(Dataset records)

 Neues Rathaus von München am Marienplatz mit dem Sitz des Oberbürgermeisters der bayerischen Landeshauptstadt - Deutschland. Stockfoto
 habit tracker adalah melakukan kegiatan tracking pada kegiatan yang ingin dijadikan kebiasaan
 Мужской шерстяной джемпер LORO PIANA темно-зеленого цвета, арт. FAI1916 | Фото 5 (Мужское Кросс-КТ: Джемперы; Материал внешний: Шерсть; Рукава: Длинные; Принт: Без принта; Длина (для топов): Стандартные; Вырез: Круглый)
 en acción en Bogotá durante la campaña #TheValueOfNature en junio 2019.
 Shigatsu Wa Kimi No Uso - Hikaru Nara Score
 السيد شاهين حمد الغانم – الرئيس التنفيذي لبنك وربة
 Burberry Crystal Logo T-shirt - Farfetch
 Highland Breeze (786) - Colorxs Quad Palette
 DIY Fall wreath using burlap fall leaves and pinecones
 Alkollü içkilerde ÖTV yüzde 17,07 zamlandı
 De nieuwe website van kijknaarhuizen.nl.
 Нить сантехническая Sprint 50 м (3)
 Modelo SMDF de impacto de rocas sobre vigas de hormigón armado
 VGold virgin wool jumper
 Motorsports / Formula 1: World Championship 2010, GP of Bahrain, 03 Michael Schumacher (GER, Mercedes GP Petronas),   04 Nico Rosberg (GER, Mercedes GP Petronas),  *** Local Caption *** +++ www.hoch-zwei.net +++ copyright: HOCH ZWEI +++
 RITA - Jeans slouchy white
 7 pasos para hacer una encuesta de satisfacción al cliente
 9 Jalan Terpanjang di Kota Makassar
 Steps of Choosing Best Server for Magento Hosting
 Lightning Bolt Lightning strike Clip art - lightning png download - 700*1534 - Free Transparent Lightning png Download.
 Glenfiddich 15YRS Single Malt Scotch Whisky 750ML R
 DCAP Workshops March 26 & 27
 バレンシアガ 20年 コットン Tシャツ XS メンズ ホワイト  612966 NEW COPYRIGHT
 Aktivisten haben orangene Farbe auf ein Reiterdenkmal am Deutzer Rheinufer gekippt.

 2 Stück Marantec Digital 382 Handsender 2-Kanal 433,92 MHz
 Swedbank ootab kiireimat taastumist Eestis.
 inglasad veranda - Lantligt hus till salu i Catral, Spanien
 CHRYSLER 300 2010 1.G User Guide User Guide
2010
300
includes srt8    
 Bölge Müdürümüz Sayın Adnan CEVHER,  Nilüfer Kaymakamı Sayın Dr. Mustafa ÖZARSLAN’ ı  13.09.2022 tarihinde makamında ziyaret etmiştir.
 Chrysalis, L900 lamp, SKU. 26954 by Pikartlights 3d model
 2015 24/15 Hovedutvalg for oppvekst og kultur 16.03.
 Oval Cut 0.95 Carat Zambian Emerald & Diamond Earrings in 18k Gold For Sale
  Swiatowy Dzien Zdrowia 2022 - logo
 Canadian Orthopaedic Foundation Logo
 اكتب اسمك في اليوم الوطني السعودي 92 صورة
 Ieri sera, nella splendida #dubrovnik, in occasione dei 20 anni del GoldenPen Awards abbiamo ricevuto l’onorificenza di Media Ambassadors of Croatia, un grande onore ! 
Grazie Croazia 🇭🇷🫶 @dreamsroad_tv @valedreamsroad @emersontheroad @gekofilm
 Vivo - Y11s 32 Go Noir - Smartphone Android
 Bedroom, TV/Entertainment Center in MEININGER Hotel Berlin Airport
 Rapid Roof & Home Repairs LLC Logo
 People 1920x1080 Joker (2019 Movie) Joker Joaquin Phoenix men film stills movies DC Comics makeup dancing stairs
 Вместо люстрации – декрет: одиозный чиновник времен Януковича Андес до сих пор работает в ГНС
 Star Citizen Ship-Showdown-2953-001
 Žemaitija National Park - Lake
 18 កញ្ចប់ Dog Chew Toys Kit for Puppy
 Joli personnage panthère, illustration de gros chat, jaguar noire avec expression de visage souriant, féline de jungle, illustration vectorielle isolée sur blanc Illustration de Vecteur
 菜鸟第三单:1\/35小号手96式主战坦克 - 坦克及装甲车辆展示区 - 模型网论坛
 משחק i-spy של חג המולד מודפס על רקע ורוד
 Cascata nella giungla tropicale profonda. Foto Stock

(End Dataset records)

Please transcribe the records in full, keeping every word as it is.

• [Task output]:
 Neues Rathaus von München am Marienplatz mit dem Sitz des Oberbürgermeisters der bayerischen Landeshauptstadt - Deutschland. Stockfoto
 habit tracker adalah melakukan kegiatan tracking pada kegiatan yang ingin dijadikan kebiasaan
 Мужской шерстяной джемпер LORO PIANA темно-зеленого цвета, арт. FAI1916 | Фото 5 (Мужское Кросс-КТ: Джемперы; Материал внешний: Шерсть; Рукава: Длинные; Принт: Без принта; Длина (для топов): Стандартные; Вырез: Круглый)
 en acción en Bogotá durante la campaña #TheValueOfNature en junio 2019.
 Shigatsu Wa Kimi No Uso - Hikaru Nara Score
 السيد شاهين حمد الغانم – الرئيس التنفيذي لبنك وربة
 Burberry Crystal Logo T-shirt - Farfetch
 Highland Breeze (786) - Colorxs Quad Palette
 DIY Fall wreath using burlap fall leaves and pinecones
 Alkollü içkilerde ÖTV yüzde 17,07 zamlandı
 De nieuwe website van kijknaarhuizen.nl.
 Нить сантехническая Sprint 50 м (3)
 Modelo SMDF de impacto de rocas sobre vigas de hormigón armado
 VGold virgin wool jumper
 Motorsports / Formula 1: World Championship 2010, GP of Bahrain, 03 Michael Schumacher (GER, Mercedes GP Petronas),   04 Nico Rosberg (GER, Mercedes GP Petronas),  *** Local Caption *** +++ www.hoch-zwei.net +++ copyright: HOCH ZWEI +++
 RITA - Jeans slouchy white
 7 pasos para hacer una encuesta de satisfacción al cliente
 9 Jalan Terpanjang di Kota Makassar
 Steps of Choosing Best Server for Magento Hosting
 Lightning Bolt Lightning strike Clip art - lightning png download - 700*1534 - Free Transparent Lightning png Download.
 Glenfiddich 15YRS Single Malt Scotch Whisky 750ML R
 DCAP Workshops March 26 & 27
 バレンシアガ 20年 コットン Tシャツ XS メンズ ホワイト  612966 NEW COPYRIGHT
 Aktivisten haben orangene Farbe auf ein Reiterdenkmal am Deutzer Rheinufer gekippt.

 2 Stück Marantec Digital 382 Handsender 2-Kanal 433,92 MHz
 Swedbank ootab kiireimat taastumist Eestis.
 inglasad veranda - Lantligt hus till salu i Catral, Spanien
 CHRYSLER 300 2010 1.G User Guide User Guide
2010
300
includes srt8    
 Bölge Müdürümüz Sayın Adnan CEVHER,  Nilüfer Kaymakamı Sayın Dr. Mustafa ÖZARSLAN’ ı  13.09.2022 tarihinde makamında ziyaret etmiştir.
 Chrysalis, L900 lamp, SKU. 26954 by Pikartlights 3d model
 2015 24/15 Hovedutvalg for oppvekst og kultur 16.03.
 Oval Cut 0.95 Carat Zambian Emerald & Diamond Earrings in 18k Gold For Sale
  Swiatowy Dzien Zdrowia 2022 - logo
 Canadian Orthopaedic Foundation Logo
 اكتب اسمك في اليوم الوطني السعودي 92 صورة
 Ieri sera, nella splendida #dubrovnik, in occasione dei 20 anni del GoldenPen Awards abbiamo ricevuto l’onorificenza di Media Ambassadors of Croatia, un grande onore ! 
Grazie Croazia 🇭🇷🫶 @dreamsroad_tv @valedreamsroad @emersontheroad @gekofilm
 Vivo - Y11s 32 Go Noir - Smartphone Android
 Bedroom, TV/Entertainment Center in MEININGER Hotel Berlin Airport
 Rapid Roof & Home Repairs LLC Logo
 People 1920x1080 Joker (2019 Movie) Joker Joaquin Phoenix men film stills movies DC Comics makeup dancing stairs
 Вместо люстрации – декрет: одиозный чиновник времен Януковича Андес до сих пор работает в ГНС
 Star Citizen Ship-Showdown-2953-001
 Žemaitija National Park - Lake
 18 កញ្ចប់ Dog Chew Toys Kit for Puppy
 Joli personnage panthère, illustration de gros chat, jaguar noire avec expression de visage souriant, féline de jungle, illustration vectorielle isolée sur blanc Illustration de Vecteur
 菜鸟第三单:1\/35小号手96式主战坦克 - 坦克及装甲车辆展示区 - 模型网论坛
 משחק i-spy של חג המולד מודפס על רקע ורוד
 Cascata nella giungla tropicale profonda. Foto Stock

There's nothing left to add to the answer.